Input data below:
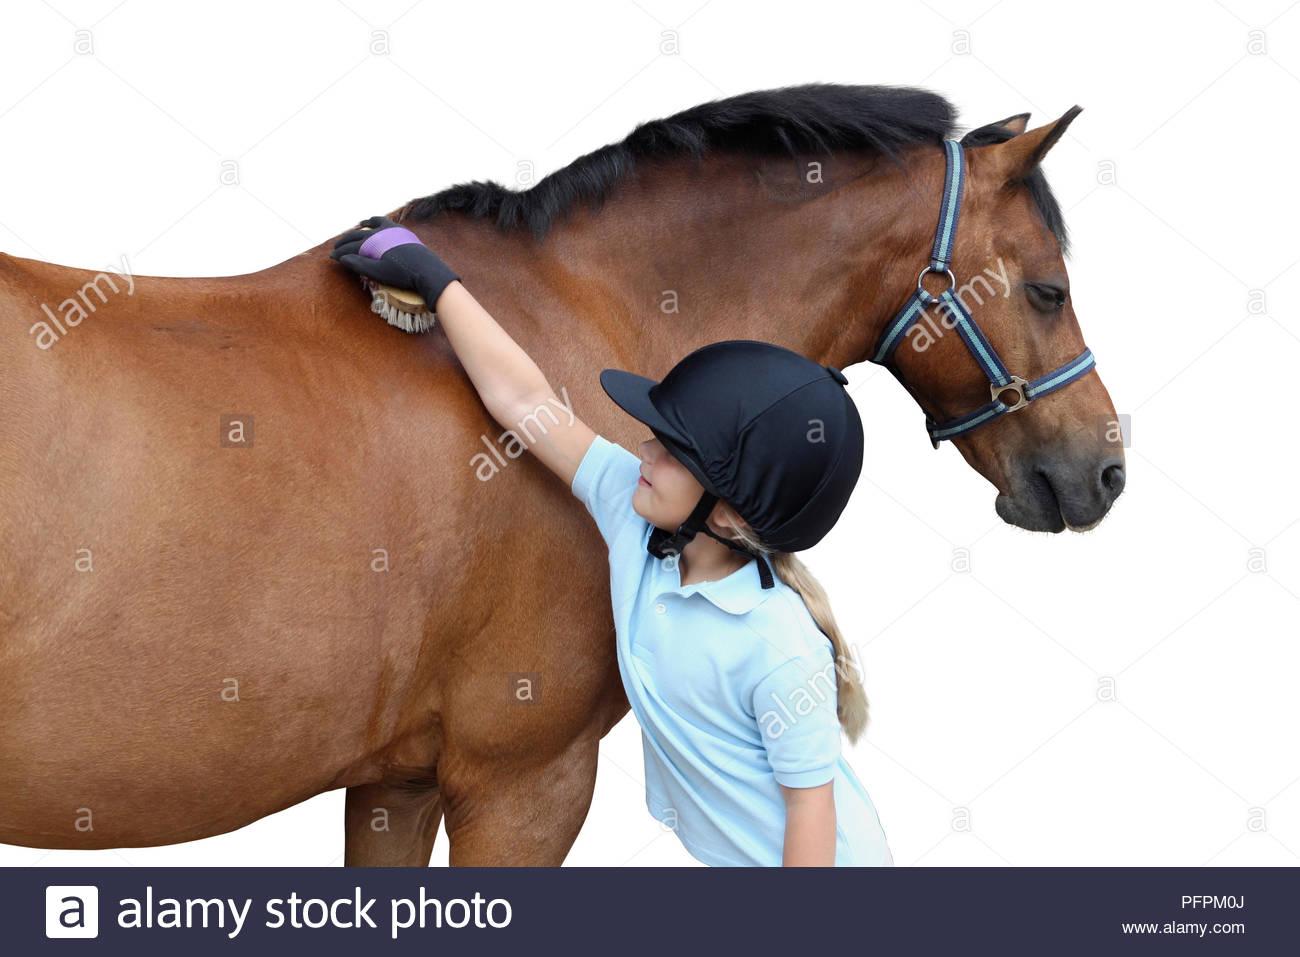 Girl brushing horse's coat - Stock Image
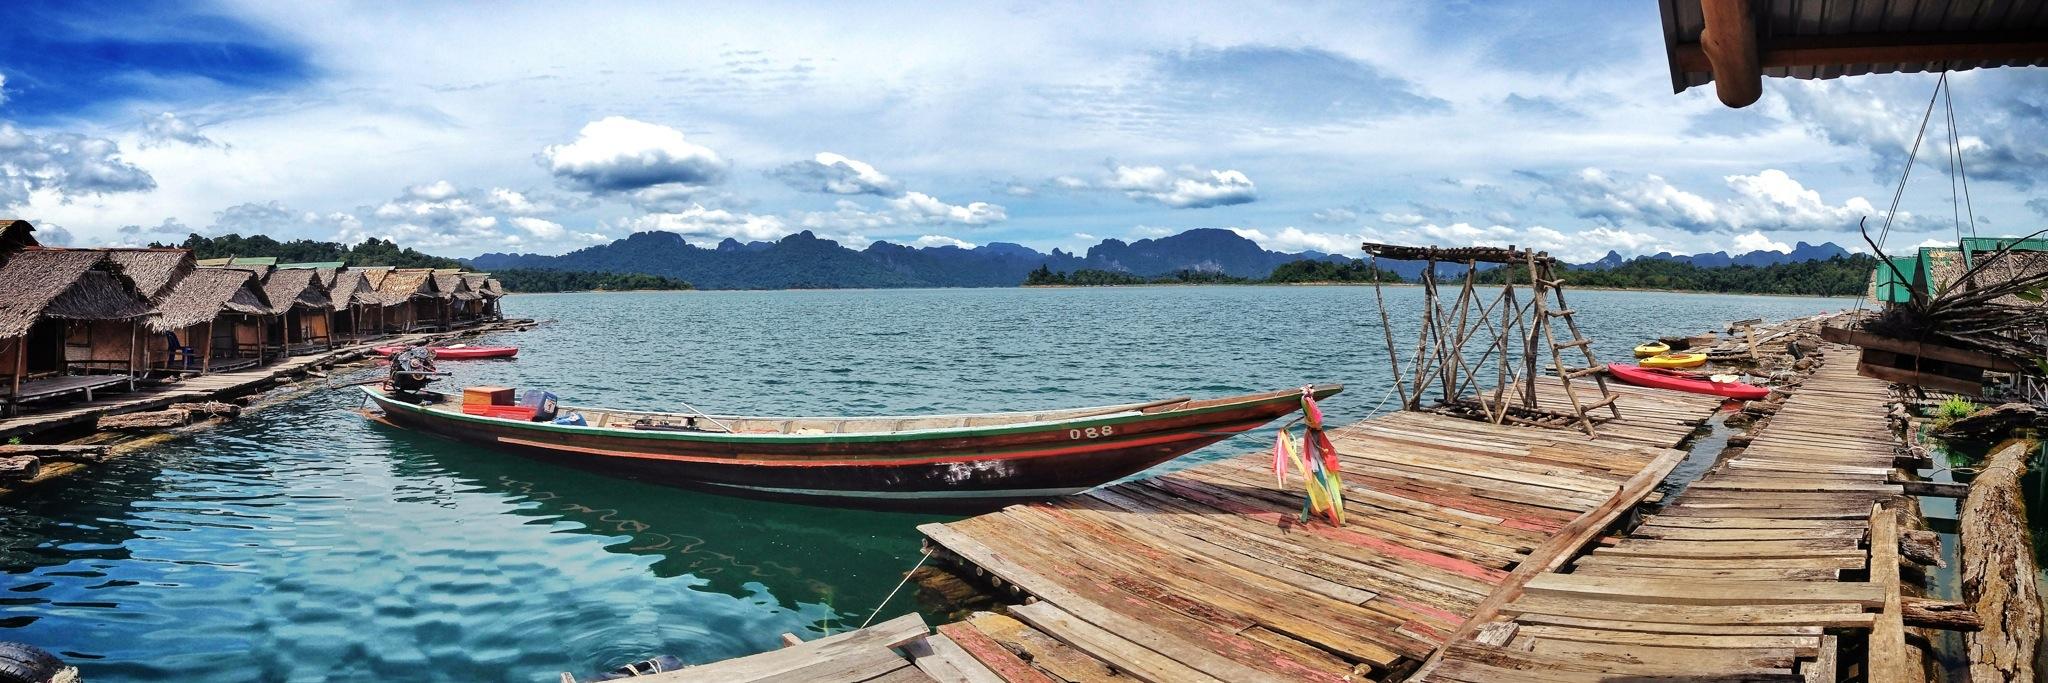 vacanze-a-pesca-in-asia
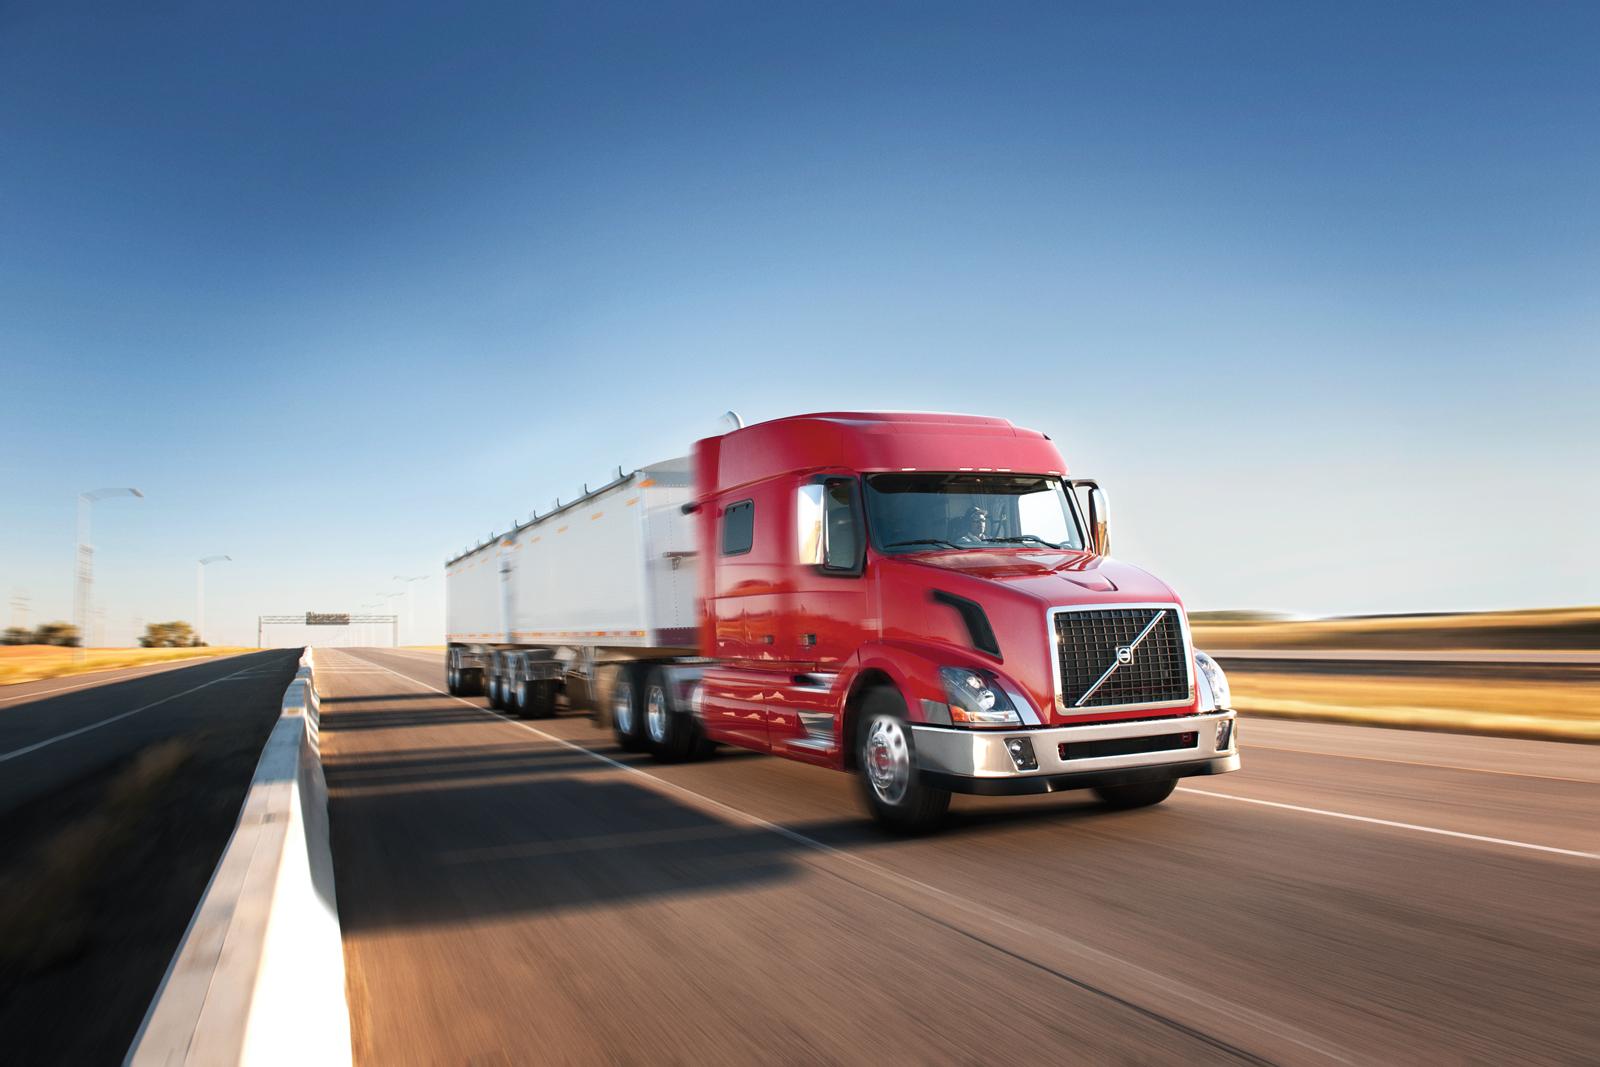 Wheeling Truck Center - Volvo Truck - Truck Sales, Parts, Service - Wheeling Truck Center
End of Input data.
Input data below:
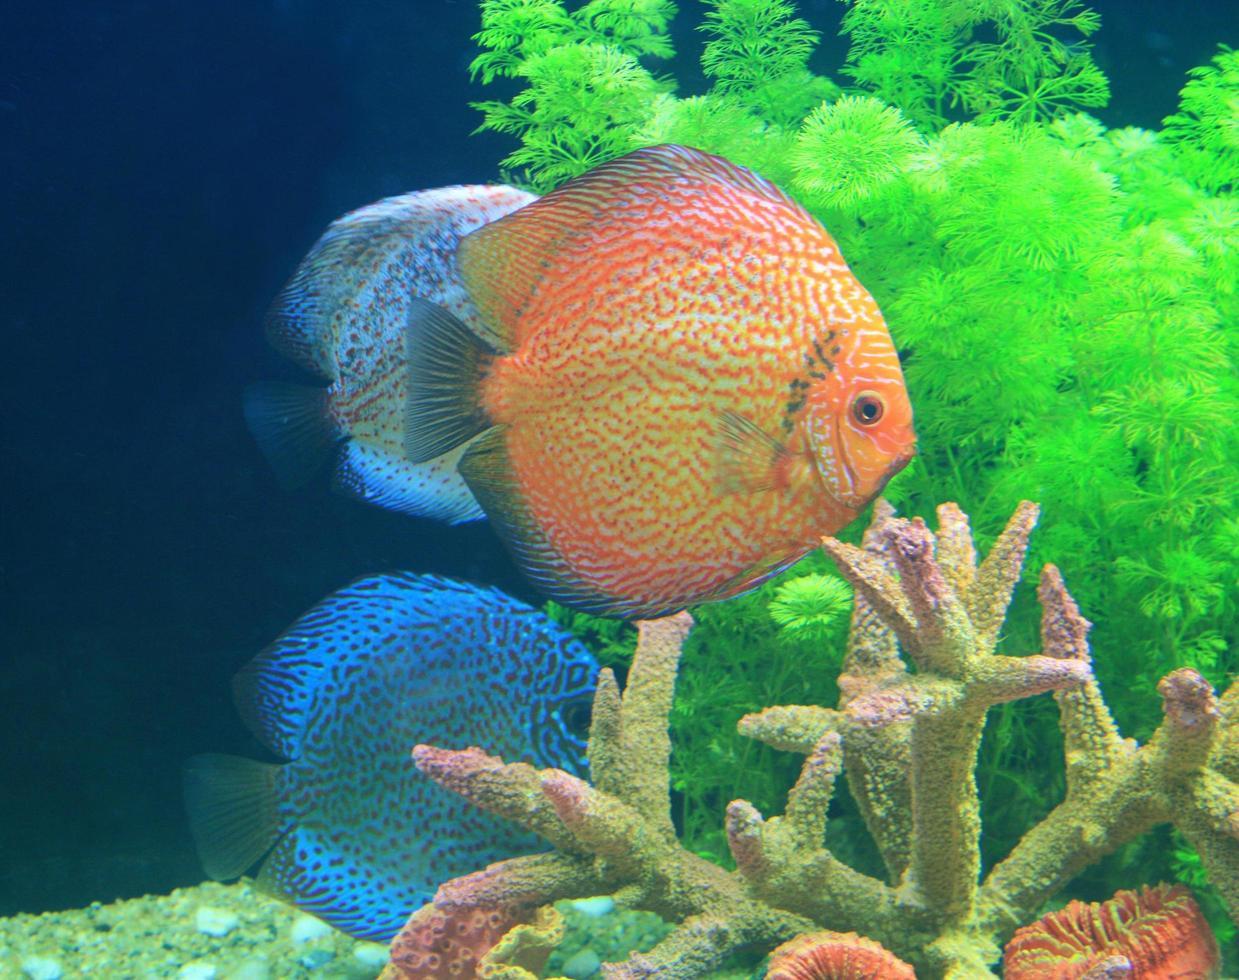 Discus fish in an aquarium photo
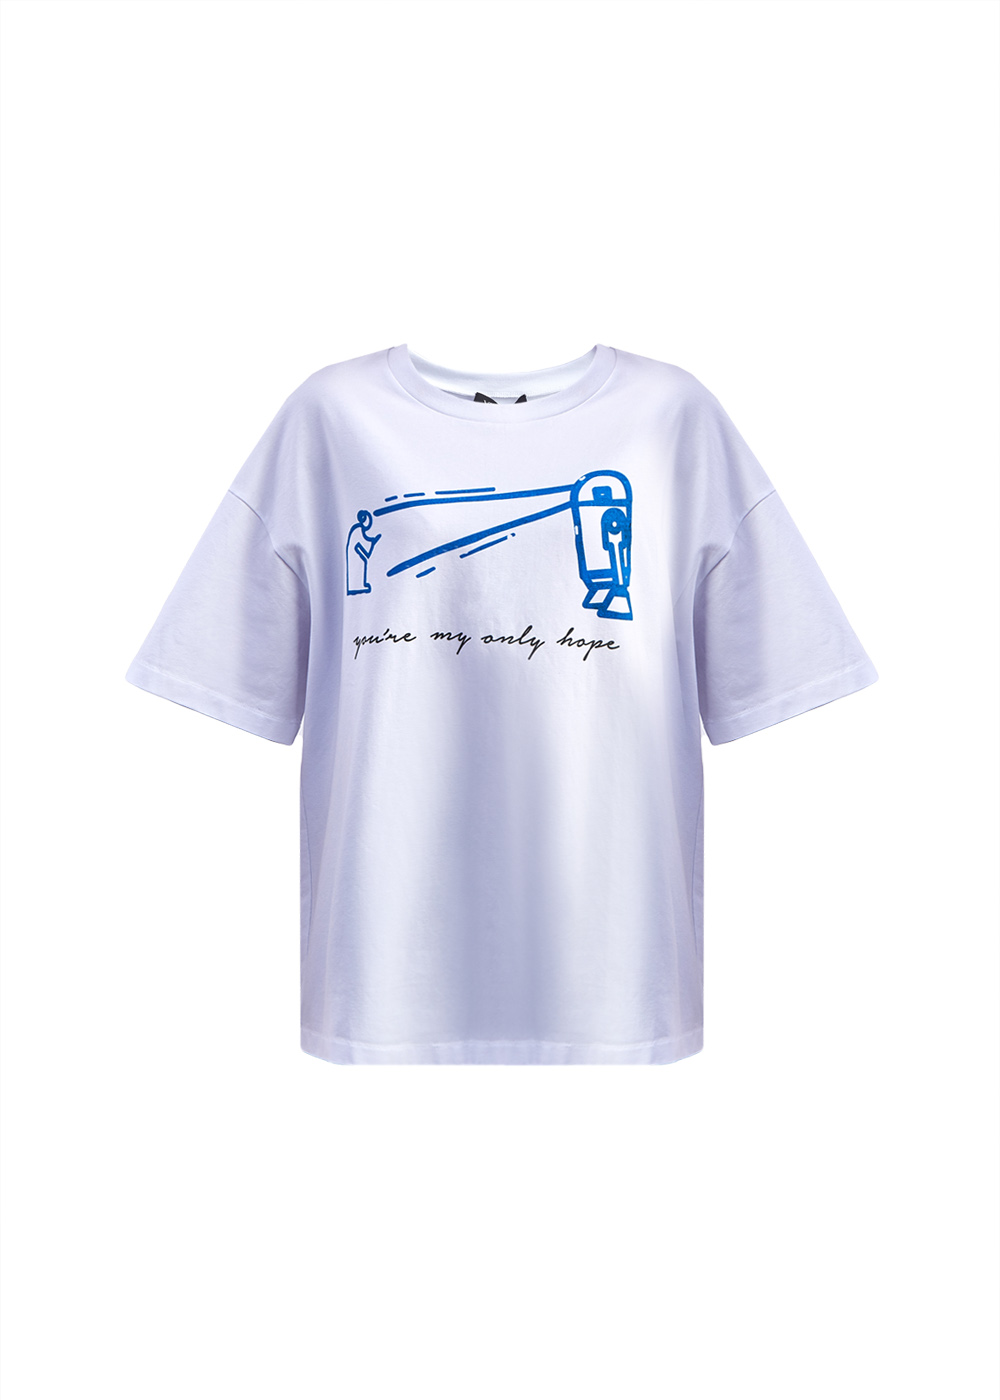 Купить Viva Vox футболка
End of Input data.
Input data below:
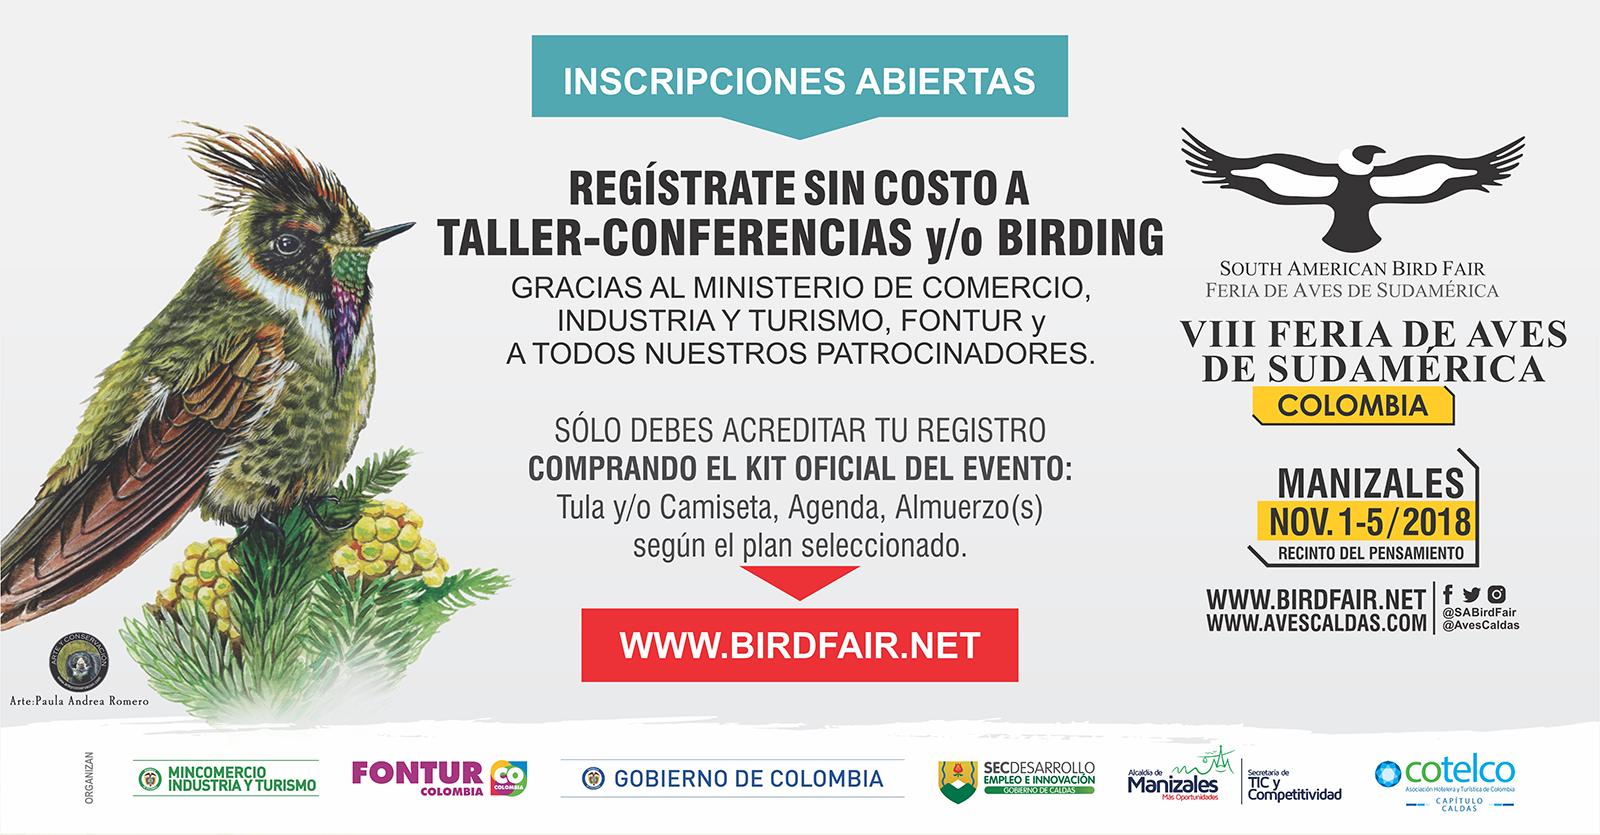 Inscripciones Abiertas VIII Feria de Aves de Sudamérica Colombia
End of Input data.
Having found the line with "Girl brushing horse's coat - Stock Image" and the line with "Wheeling Truck Center - Volvo" in the material above, write out exactly those two and every line between, leaving the pictures out.

 Girl brushing horse's coat - Stock Image
 vacanze-a-pesca-in-asia
 Wheeling Truck Center - Volvo Truck - Truck Sales, Parts, Service - Wheeling Truck Center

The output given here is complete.